Simon King

Personal information
- Full name: Simon James King
- Born: 4 September 1987 (age 38) Camberwell, Surrey, England
- Nickname: Kingy
- Height: 6 ft 1 in (1.85 m)
- Batting: Right-handed
- Bowling: Right-arm off break

Domestic team information
- 2007–2011: Surrey (squad no. 14)

Career statistics
| Competition | First-class | Twenty20 |
| Matches | 4 | 1 |
| Runs scored | 21 | 5 |
| Batting average | 5.25 | – |
| 100s/50s | 0/0 | 0/0 |
| Top score | 13 | 5 not out |
| Balls bowled | 513 | 18 |
| Wickets | 5 | 0 |
| Bowling average | 74.20 | – |
| 5 wickets in innings | 0 | – |
| 10 wickets in match | 0 | – |
| Best bowling | 3/61 | – |
| Catches/stumpings | 0/– | 0/– |
- Source: Cricinfo, 28 May 2011

= Simon King (cricketer) =

English cricketer (born 1987)

Simon James King (born 4 September 1987) is an English former cricketer who played for Surrey from 2005 to 2011. He was educated at Warlingham School, and The John Fisher School.

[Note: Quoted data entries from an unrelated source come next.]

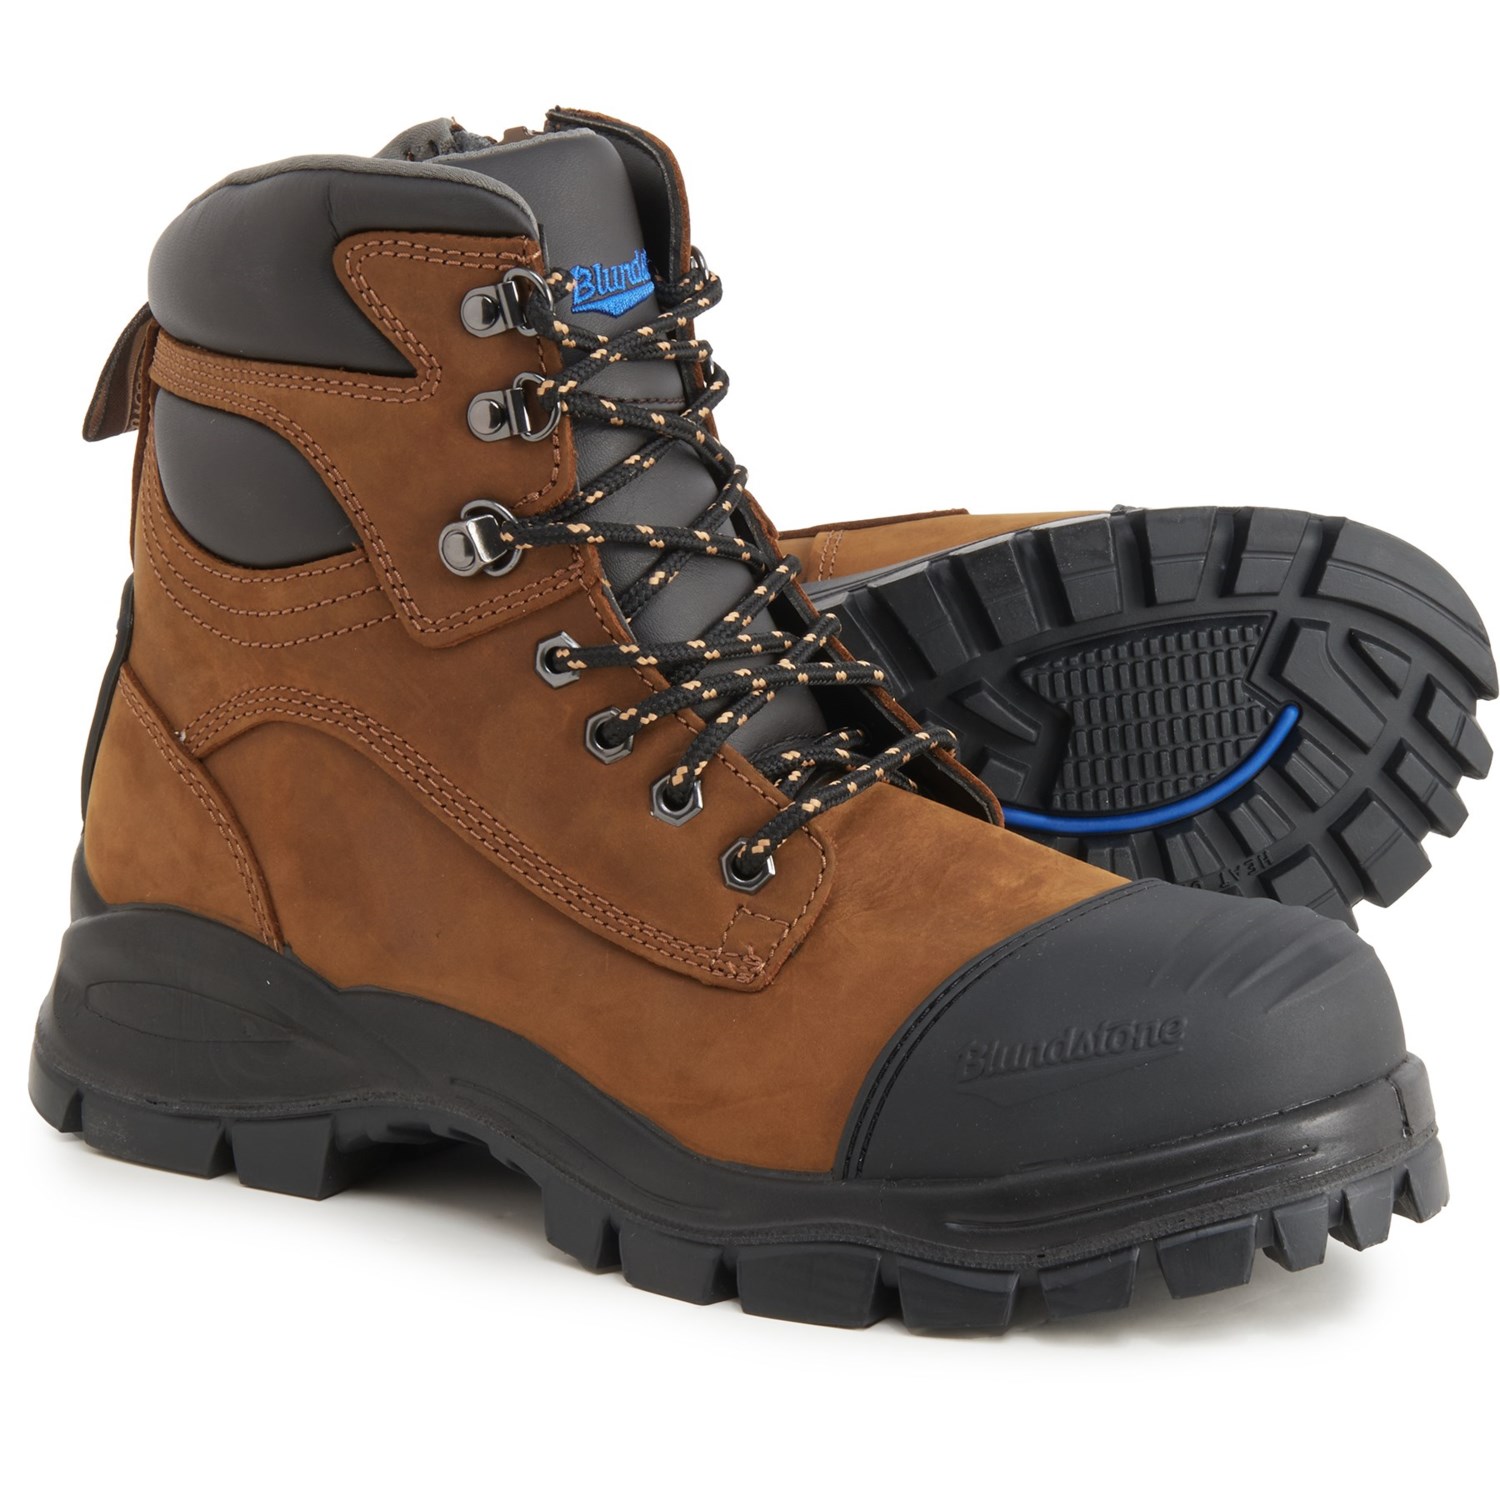 Blundstone 983 Work Series Boots - Steel Safety Toe, Leather (For Men)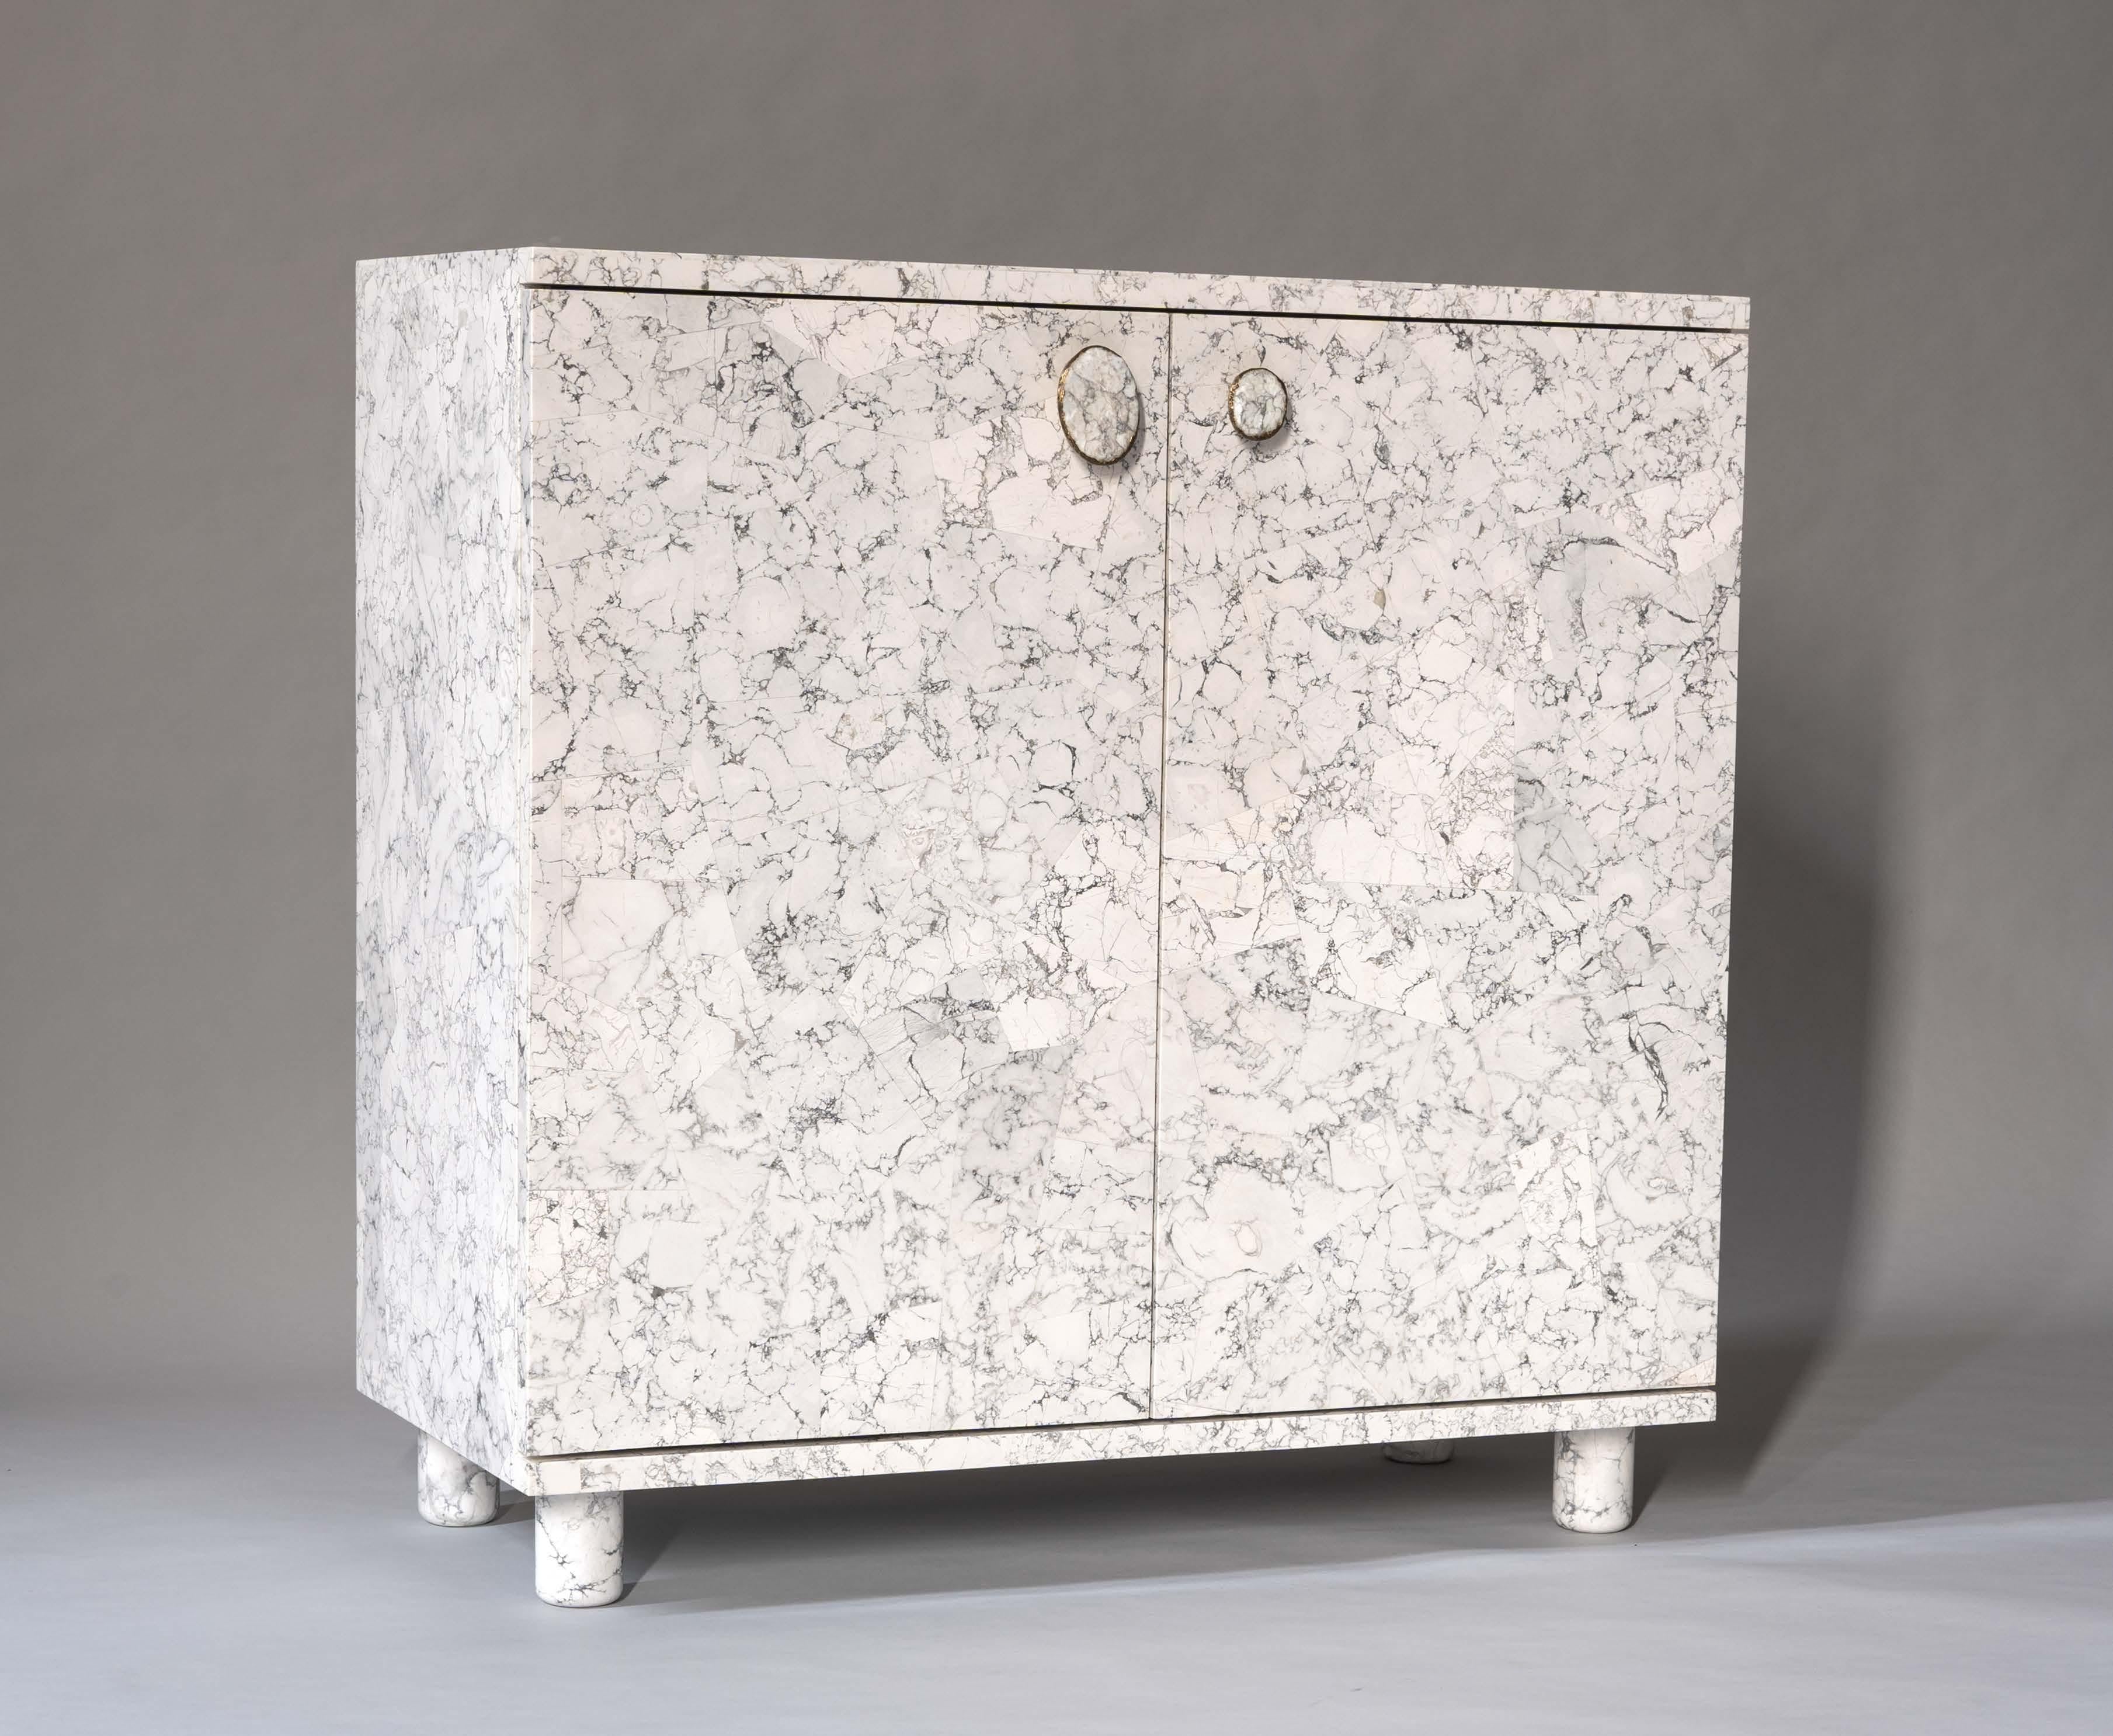 Part of our Gem Collection, the Gem Low Cabinet celebrates the beauty and variety of natural stone. The cabinet is fully encased in semi-precious stone marquetry, its linearity of form contrasted with irregularly shaped hand-cast solid antique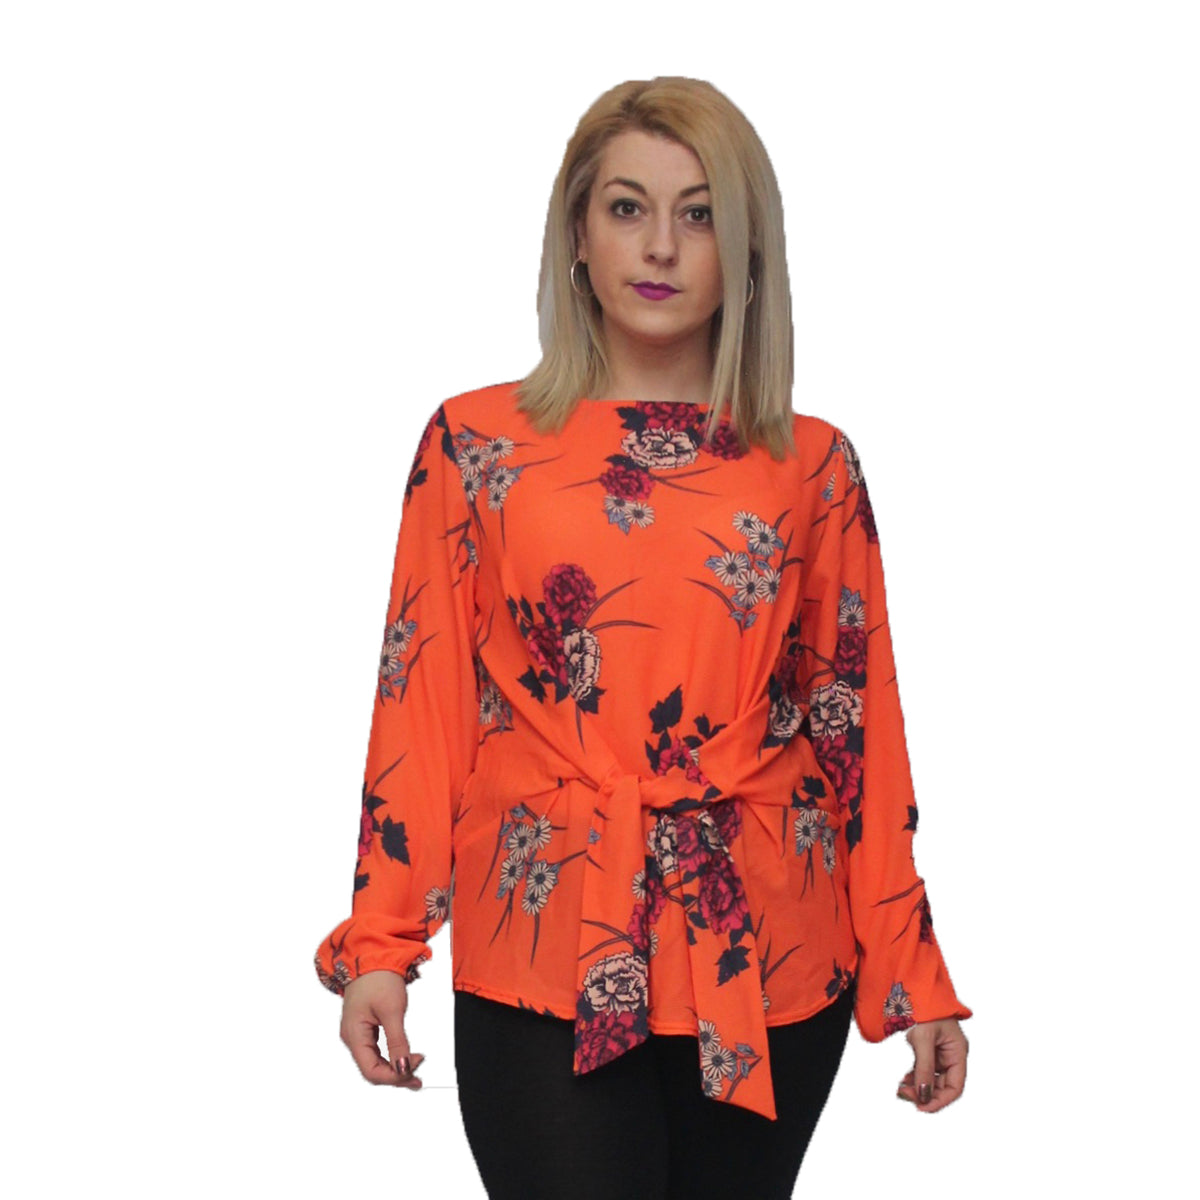 Front Tie Detail Blouse with Long Sleeves - Plus Sizes too

Born in Camberwell, grew up in Warlingham, King is predominantly a right arm off break bowler who bats right-handed. He made his debut for Surrey's second XI in 2005, taking 17 wickets in his first season, and took a further 30 the following year. May 2006 saw King selected for the England under-19 side Vs India under-19.

King made his first-team debuts in Twenty20 and first-class cricket in 2009, appearing in matches against Kent, Middlesex and Derbyshire. His first wicket was that of Middlesex's David Nash.

He was released by Surrey at the end of the 2011 season. A season in which King hardly played due to a misdiagnosed stress fracture in his back.

His younger brother, Daryl, came through the age groups from the age of 8 through to academy, he also made appearances for Surrey's second XI in 2009.

The brothers both now run a successful cricket coaching business headquartered in Singapore called King Brothers Cricket.